[GIVEN RECORDS Boundary: Start]

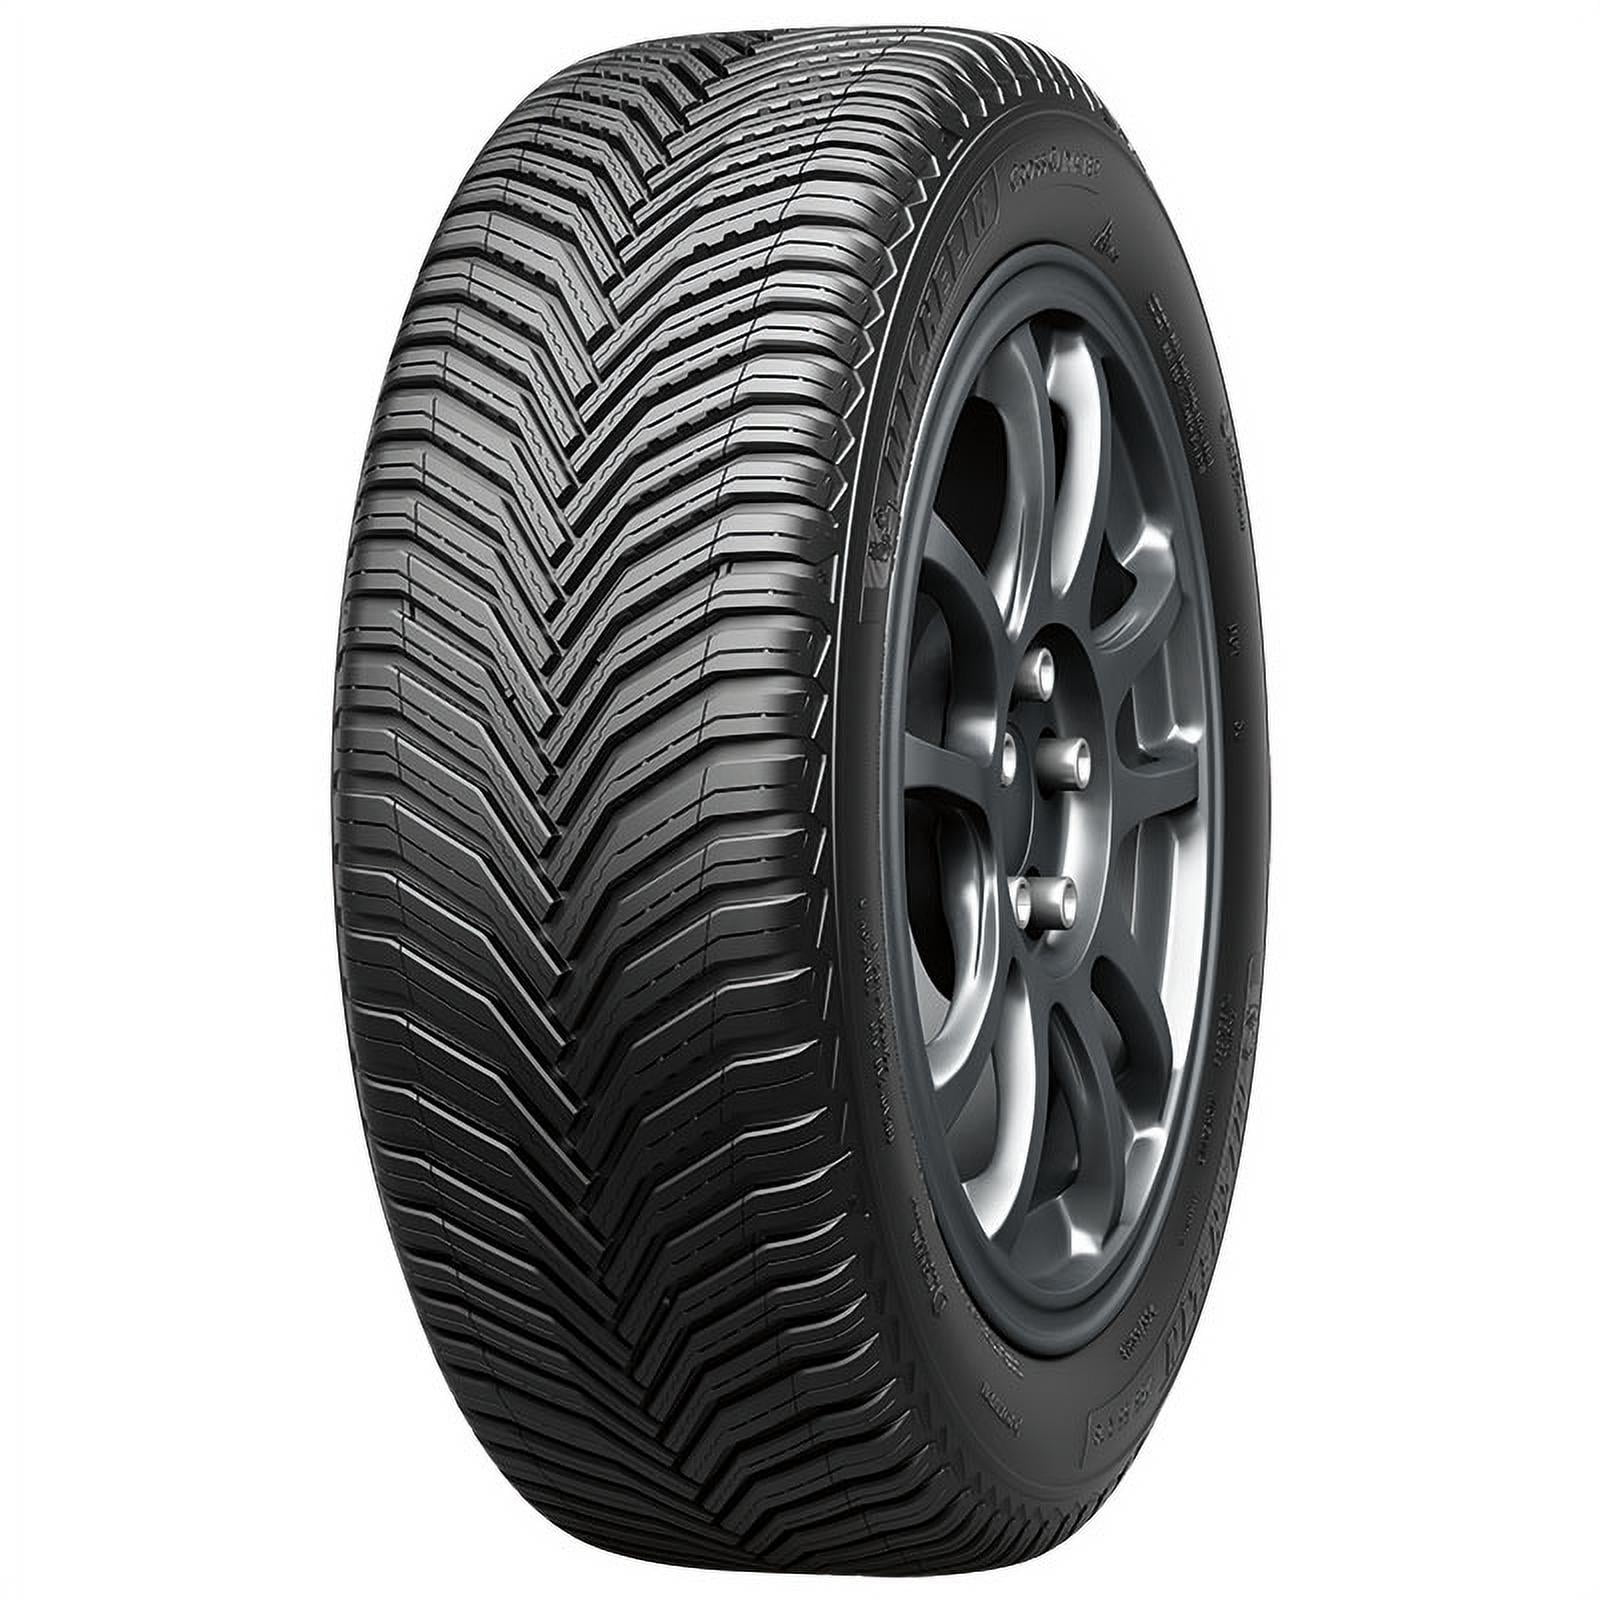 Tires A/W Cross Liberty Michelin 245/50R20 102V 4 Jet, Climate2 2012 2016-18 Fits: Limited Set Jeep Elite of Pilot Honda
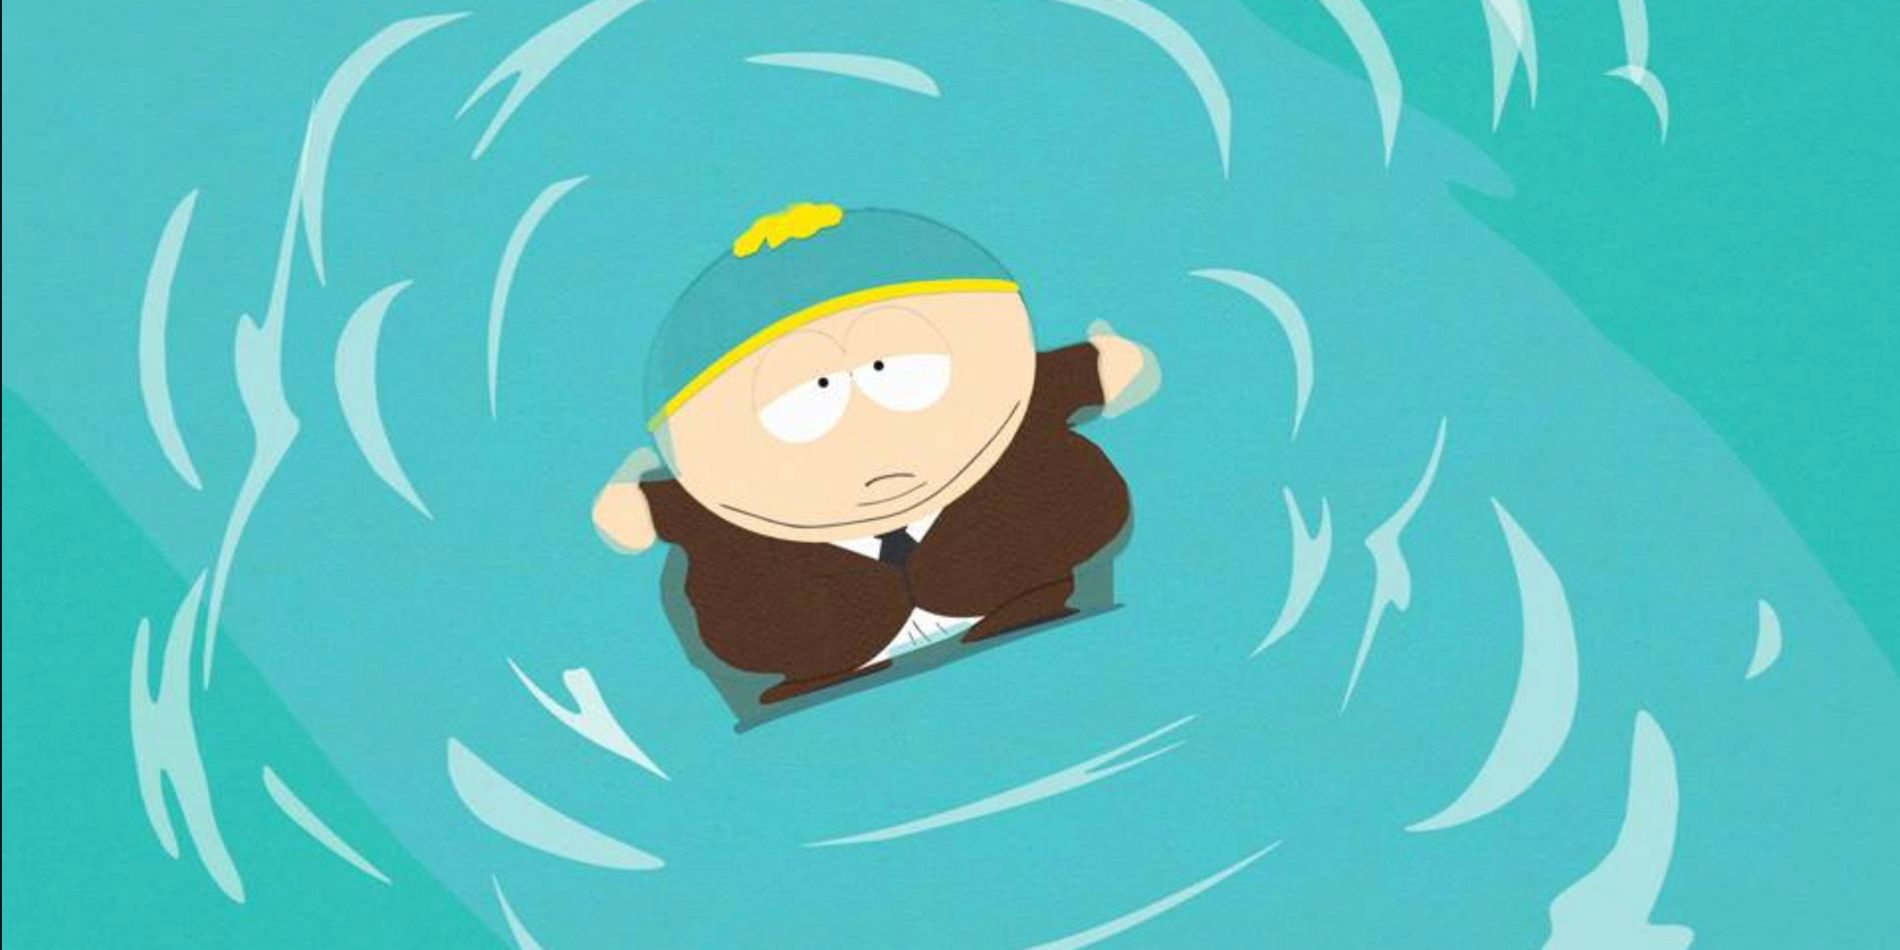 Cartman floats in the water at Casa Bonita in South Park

[GIVEN RECORDS Boundary: End]
[GIVEN RECORDS Boundary: Start]

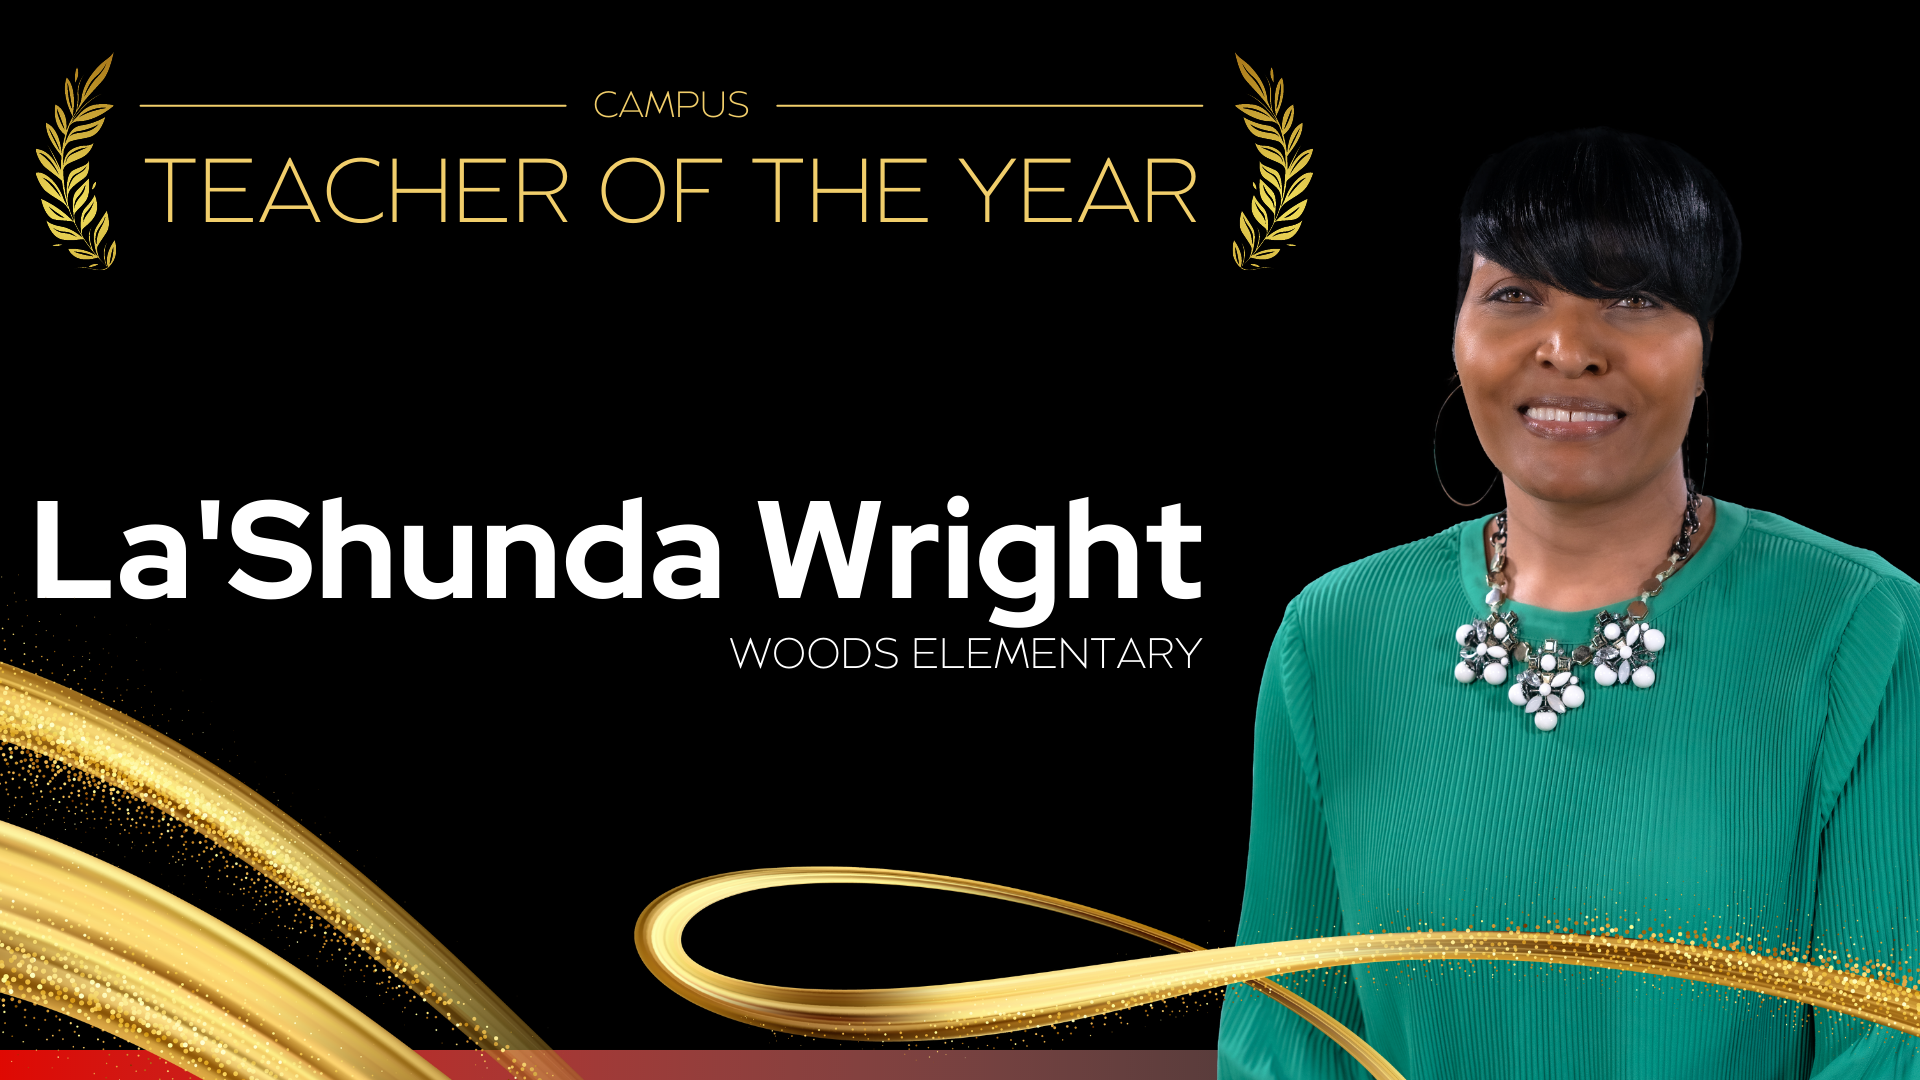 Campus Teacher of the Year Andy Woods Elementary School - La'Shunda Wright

[GIVEN RECORDS Boundary: End]
[GIVEN RECORDS Boundary: Start]

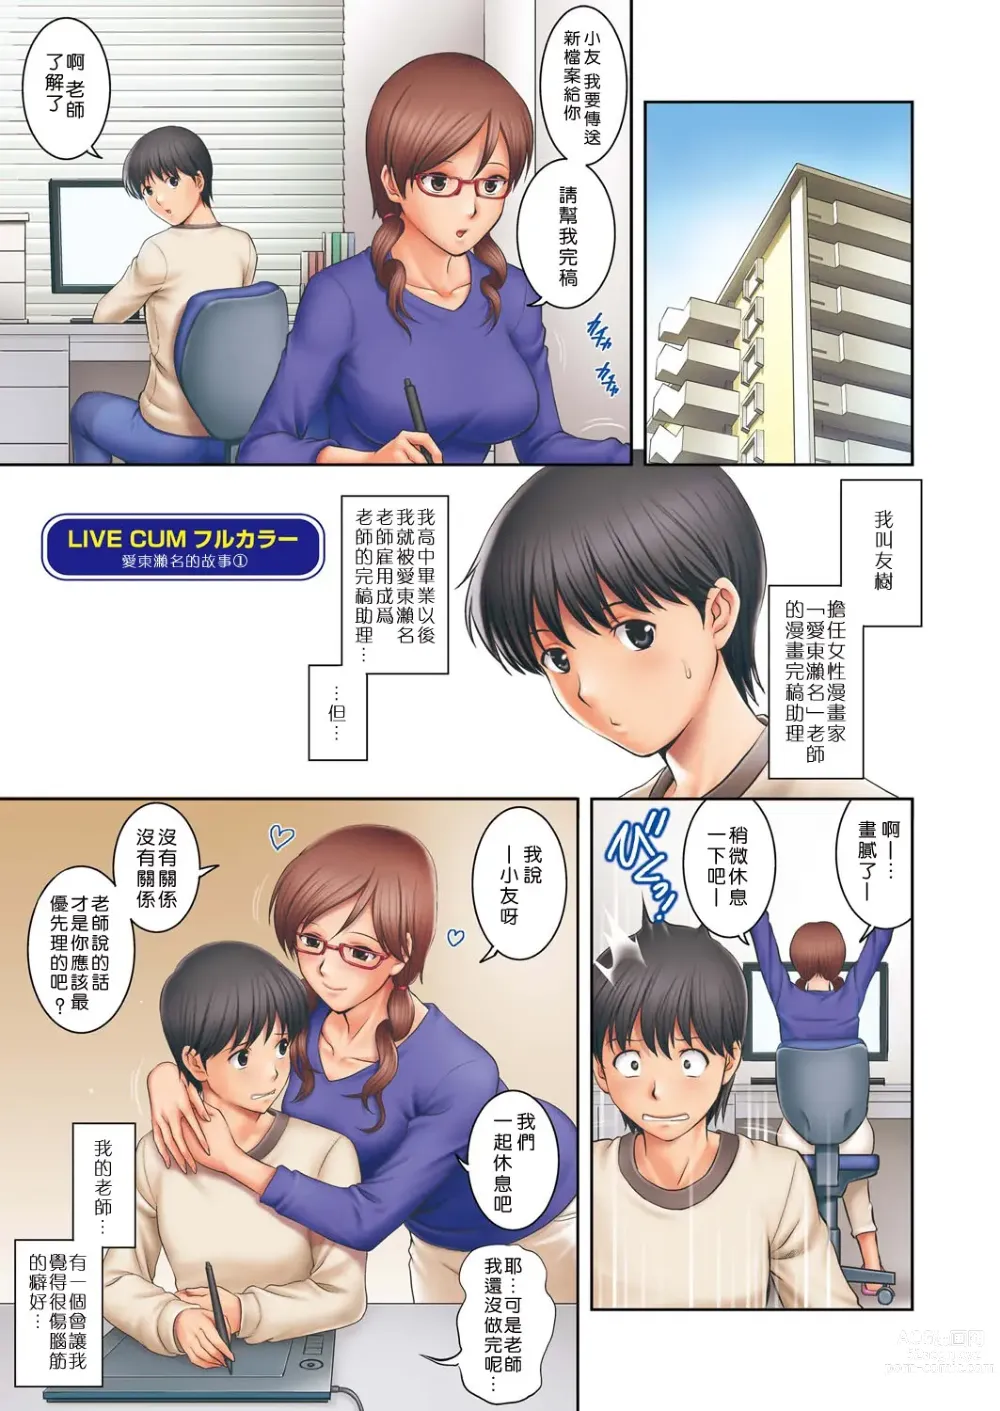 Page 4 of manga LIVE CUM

[GIVEN RECORDS Boundary: End]

The copy should hold exactly the lines above from the one with "Tires A/W Cross" through the one with "Cartman floats in", both ends counted, and no pictures at all.

 Tires A/W Cross Liberty Michelin 245/50R20 102V 4 Jet, Climate2 2012 2016-18 Fits: Limited Set Jeep Elite of Pilot Honda
 Cartman floats in the water at Casa Bonita in South Park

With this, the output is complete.